Apart from the relevance of the implications for the SA Army, PCRD has been a stated aim of the UN’s post-Cold War peacekeeping missions and mandates. It now includes a far broader range of tasks when compared to traditional peacekeeping missions of the past. He said this was a priority area of the African Peace and Security Agenda since the adoption of the African Union PCRD policy framework in 2006.

Since then, PCRD has become one of the tools designed to curb the severity and repetitive nature of conflict in Africa.

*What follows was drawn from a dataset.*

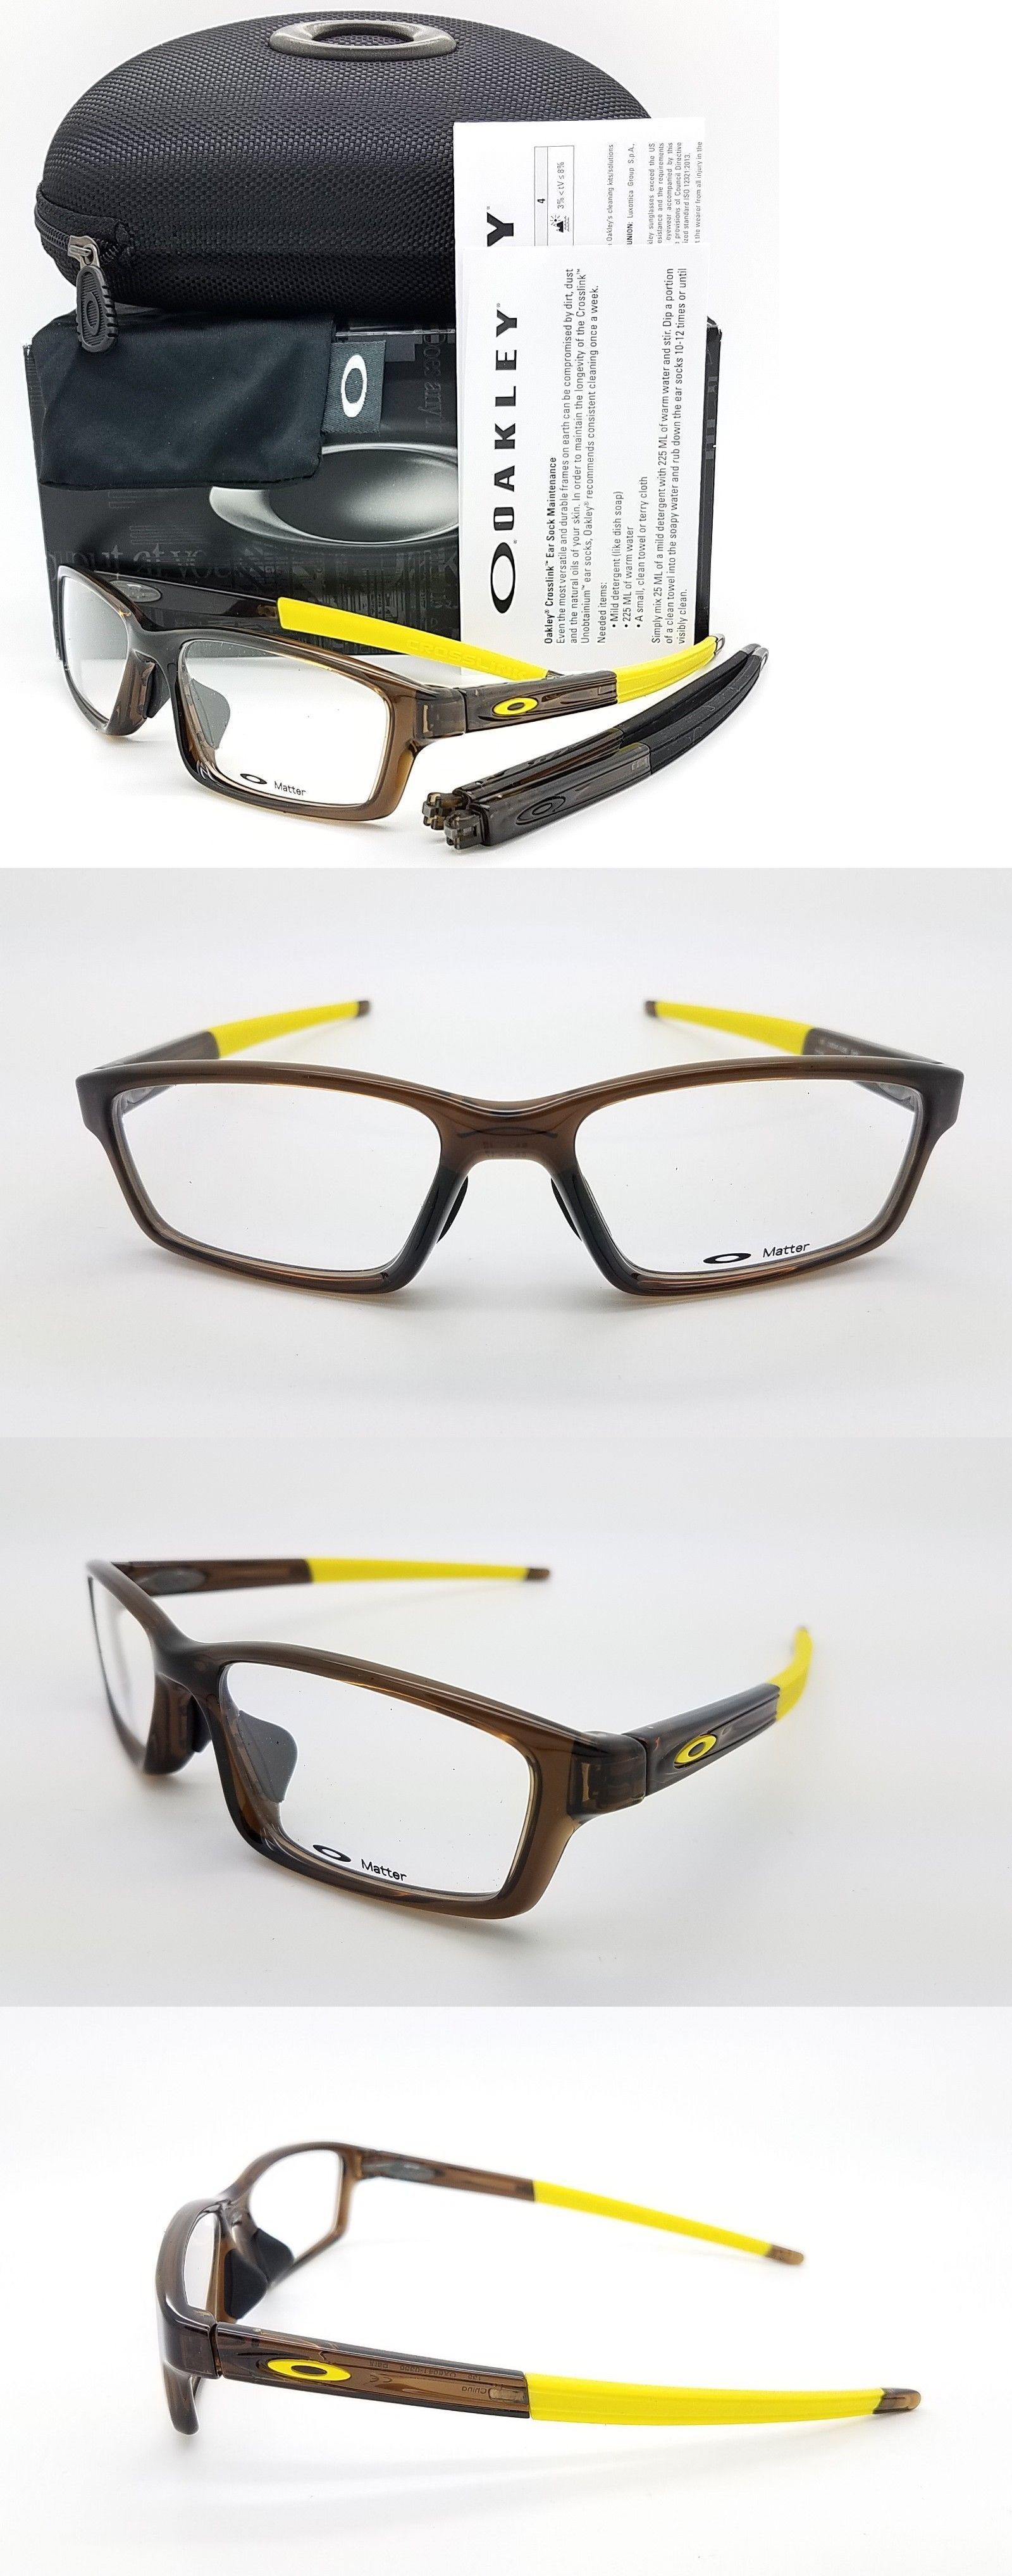 d9c071d0902c Eyeglass Frames 180957  New Oakley Crosslink Pitch Rx Asian Fit Frame Bark  Ox8041-0356 Brown 56Mm 8041 -  BUY IT NOW ONLY   75.55 on  eBay  eyeglass   frames ...

These developments have prompted a number of visits by members of the SA Army to SADC countries, including Botswana, United Republic of Tanzania, and to the headquarters of the African Union, in Addis Ababa.

History and academic research show that the operationalisation of the PCRD concept requires a holistic rethinking of the concepts and strategies that are being developed for PCRD. He suggested this required new thinking about how the military needed to organise, prepare and equip itself to contribute successfully to post-conflict reconstruction, to provide basic services and to sustain the progress. “This in turn required a reassessment of the strategies, force design, force structure and capabilities, as well as resources of all 21st century African militaries.”

Rudman said the book assisted in developing new insights into the capability requirements for militaries to participate in PCRD, and to clarify the roles and functions of members of the SA Army within the concept of PCRD. “It aims at defining the future trajectory and capability requirements to fulfil PCRD tasks during peace missions on the continent,” he said. He valued the insights offered by the contributing authors, which showed a holistic appreciation of the processes, functioning, operational and policy implications of PCRD in Africa.

He welcomed and thanked professors Theo Neethling (co-editor) and peer reviewer, Hussein Solomon, who discussed the pertinent aspects of the book in thoughtful and conscientious detail. Their fascinating reflections on the book and its contributors confirmed that this scholarly title will be useful – not only for the SA Army – but for local and international academics interested in political science, international relations and African studies. It will also be of great interest to the general public interested in military affairs, current affairs and peacebuilding in the African continent.